The plaintiffs are suing in England, and while the case is in the pre-action stage, Dyson’s Modern Slavery and Human Trafficking Statement 2020 outlines how the company conducts risk assessments, as recommended by UK-based business membership organization, Sedex. It also conducts audits “by Dyson auditors, all of whom are qualified Responsible Business Alliance Lead Auditors, or by external auditors from recognized third-party audit firms.” This lawsuit may shine light on the effectiveness of those measures in regards to forced labor.
Irrespective of the ultimate findings in this specific case, the lawsuit is a reminder that social audits, or periodic inspections of working conditions that span a few days, have limitations.
Social audits have become somewhat commonplace, but human rights advocates and even some firms with decades of experience conducting these audits have serious concerns about their effectiveness in detecting and correcting abuses like forced labor. Impactt, one such firm, acknowledges the methodological challenges in standard audits around examining whether migrant workers paid recruitment fees and costs – an indicator of forced labor. ELEVATE, a social auditing firm, acknowledged in a September 2019 response to Clean Clothes Campaign, a network of nongovernmental organizations, that “social audits are not designed to capture sensitive labor and human rights violations such as forced labor and harassment.”

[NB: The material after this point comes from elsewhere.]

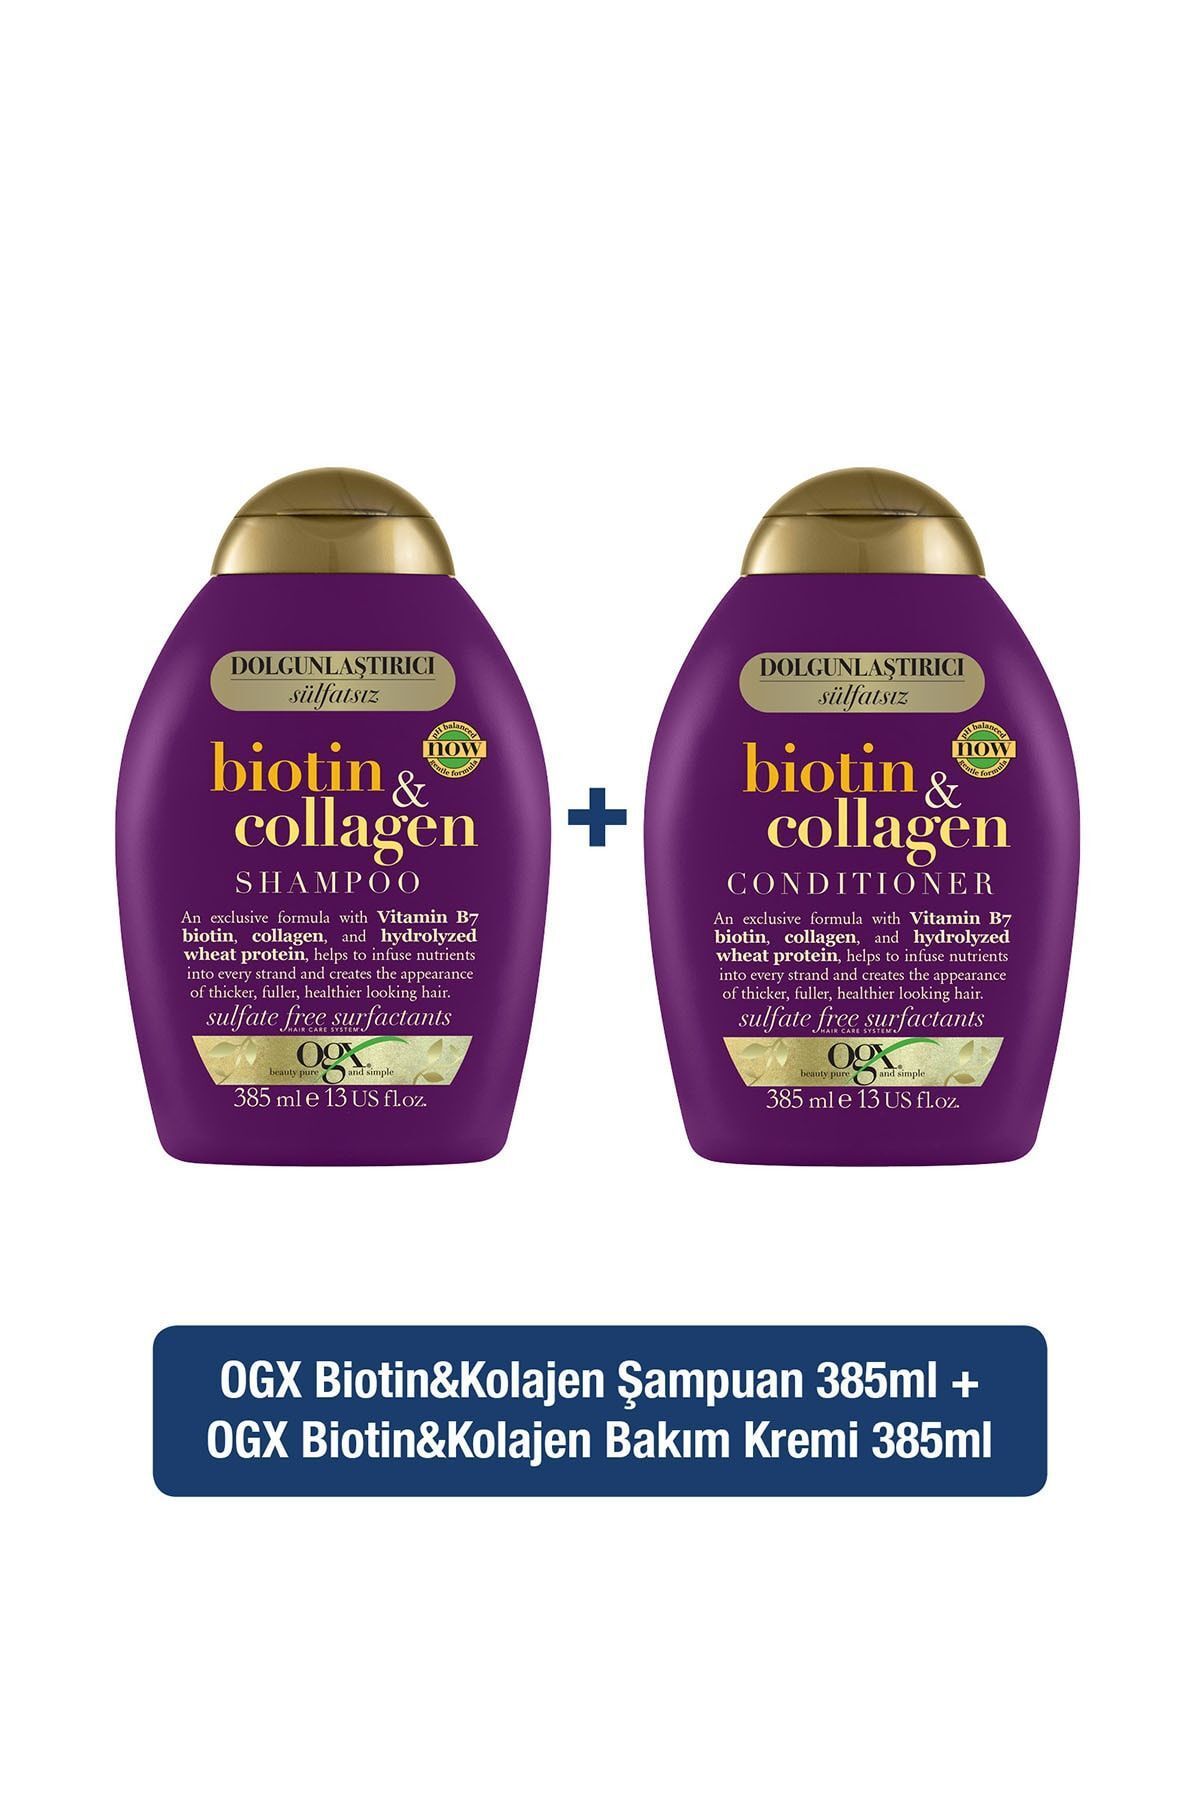 OGX Dolgunlaştırıcı Biotin & Collagen Şampuan 385 ml Saç Bakım Kremi 385 ml Hediyeli

Yet many companies still rely on social audits and certifications as the primary vehicle to check whether their suppliers meet their private codes of conduct governing decent work.
It is increasingly becoming clear that generally, more is needed.
More auditing firms and their clients should publicly acknowledge the limitations of social audits and certifications. Audits and certifications alone are little guarantee that products are free of forced labor and other abuses. Transparency around audits is long overdue and urgently needs more attention.